Sunil Illuminati said:


> Maybe "JustaFan" is Michelle Romero


Isn’t Michelle the scdsl person?
Or are you saying she dislikes it because Coast usually gets their stuff out before her?


----------



## Justafan (Jun 19, 2019)

jrcaesar said:


> Why did I get a *disagree *for posting the correct dates from the last two years?


Sorry jrceasar, that was a mishit, my thumbs too big.  AndvI am not Michelle Romero.


----------



## jpeter (Jun 19, 2019)

Sunil Illuminati said:


> Maybe "JustaFan" is Michelle Romero


Go to be a while perhaps?  what are the odds this year for those DSL schedules?


----------



## Zdrone (Jun 20, 2019)

jpeter said:


> Go to be a while perhaps?  what are the odds this year for those DSL schedules?
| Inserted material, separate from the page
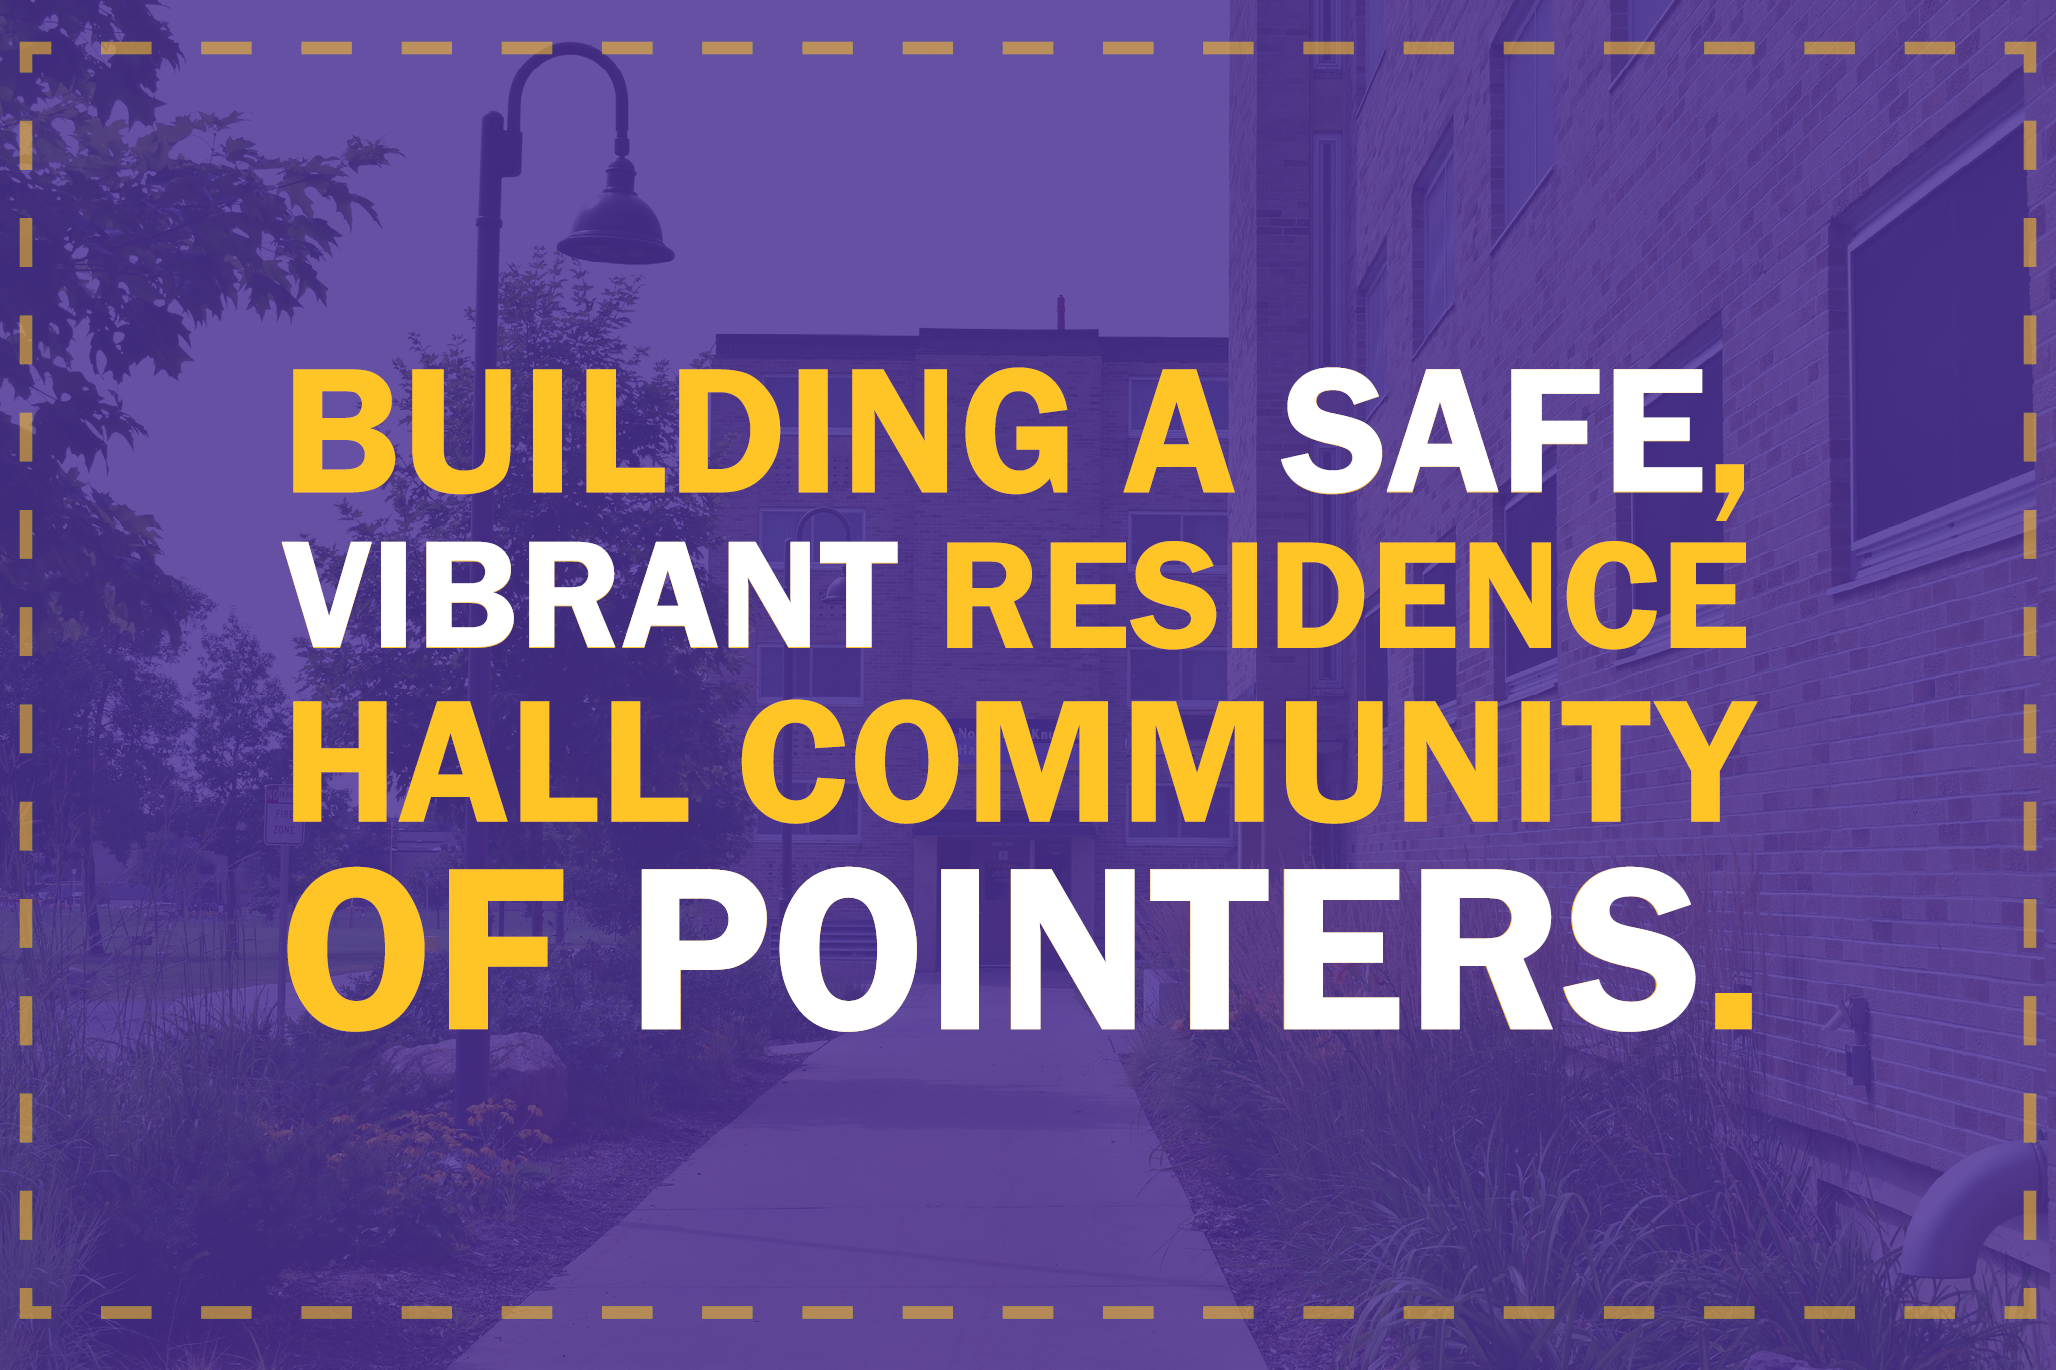 Building a Safe, Vibrant Residence Hall Community of Pointers

2 1/2 before the first game in Sept?

Everyone’s in their cars, engines idling, then the email hits


----------



## timbuck (Jun 20, 2019)

Sunil Illuminati said:


> Maybe "JustaFan" is Michelle Romero


She loves when everyone emails her in the middle of August asking for schedule updates.
And she loves to reply to emails using multiple font colors, sizes, bold and italics.  Really drives the point home.


----------



## jrcaesar (Jun 20, 2019)

Brackets are up (though maybe they aren't final) if you look for them: 
Look up and select your *CLUB.* Change the YEAR in the URL line to 2019. They are there; didn't see them there yesterday.


----------



## jpeter (Jun 20, 2019)

jrcaesar said:


> Brackets are up (though maybe they aren't final) if you look for them:
> Look up and select your *CLUB.* Change the YEAR in the URL line to 2019. They are there; didn't see them there yesterday.


Example:
https://coastsoccer.us/web/coastsoccer/standings?YEAR=2019&SEASON=FALL&SEX=B&AGE=16&BRACKET=0P

This is 2003 premier, interesting that Fusion USL 2 academy is playing CSL and not USL 2 but I hear that the competition and number of clubs in USL 2 is not good so might take them a few years to build that up


----------



## Soccermom5 (Jun 20, 2019)

Is it normal to have a gold bracket (with 12 teams) and no silver elite? Or do you think they are still working on separating the teams? Last year in our age group there was one silver elite, a few silver brackets, and a ton of bronze. So having a gold bracket is new...especially with no silver elite


----------



## jpeter (Jun 20, 2019)

Soccermom5 said:


> Is it normal to have a gold bracket (with 12 teams) and no silver elite? Or do you think they are still working on separating the teams? Last year in our age group there was one silver elite, a few silver brackets, and a ton of bronze. So having a gold bracket is new...especially with no silver elite


Not enough teams likely are you referring to girls 2008 or younger
https://coastsoccer.us/web/coastsoccer/standings?SEX=G&AGE=11&BRACKET=1G&SEASON=fall&YEAR=2019

Not likely to add other divisions but some teams to a limited degree might move up/down


----------



## Soccermom5 (Jun 20, 2019)

jpeter said:


> Not enough teams likely are you referring to girls 2008 or younger
> https://coastsoccer.us/web/coastsoccer/standings?SEX=G&AGE=11&BRACKET=1G&SEASON=fall&YEAR=2019
> 
> Not likely to add other divisions but some teams to a limited degree might move up/down


Yes, 2008. Just odd because a lot of the teams that are in the Gold bracket were in Silver last year...and like towards the bottom of the silver bracket. Not sure how they could jump to Gold. You’d think that they would keep the top 6 teams in gold and then drop the rest to Silver Elite, even bringing teams up from Silver if they needed more teams


----------



## LifeOfSoccer (Jun 23, 2019)

Soccermom5 said:


> Yes, 2008. Just odd because a lot of the teams that are in the Gold bracket were in Silver last year...and like towards the bottom of the silver bracket. Not sure how they could jump to Gold. You’d think that they would keep the top 6 teams in gold and then drop the rest to Silver Elite, even bringing teams up from Silver if they needed more teams


That’s what we were wondering. If you look through all the age groups, the 2008 girls are the only ones lacking a silver elite bracket. We thought there might be a Silver Elite North & South, so we were shocked to see all the teams lumped into one gold bracket.


----------



## TopFlight (Aug 13, 2019)

Heard tentative schedules are out, anyone know how to find them?


----------



## Paul Spacey (Aug 13, 2019)

TopFlight said:


> Heard tentative schedules are out, anyone know how to find them?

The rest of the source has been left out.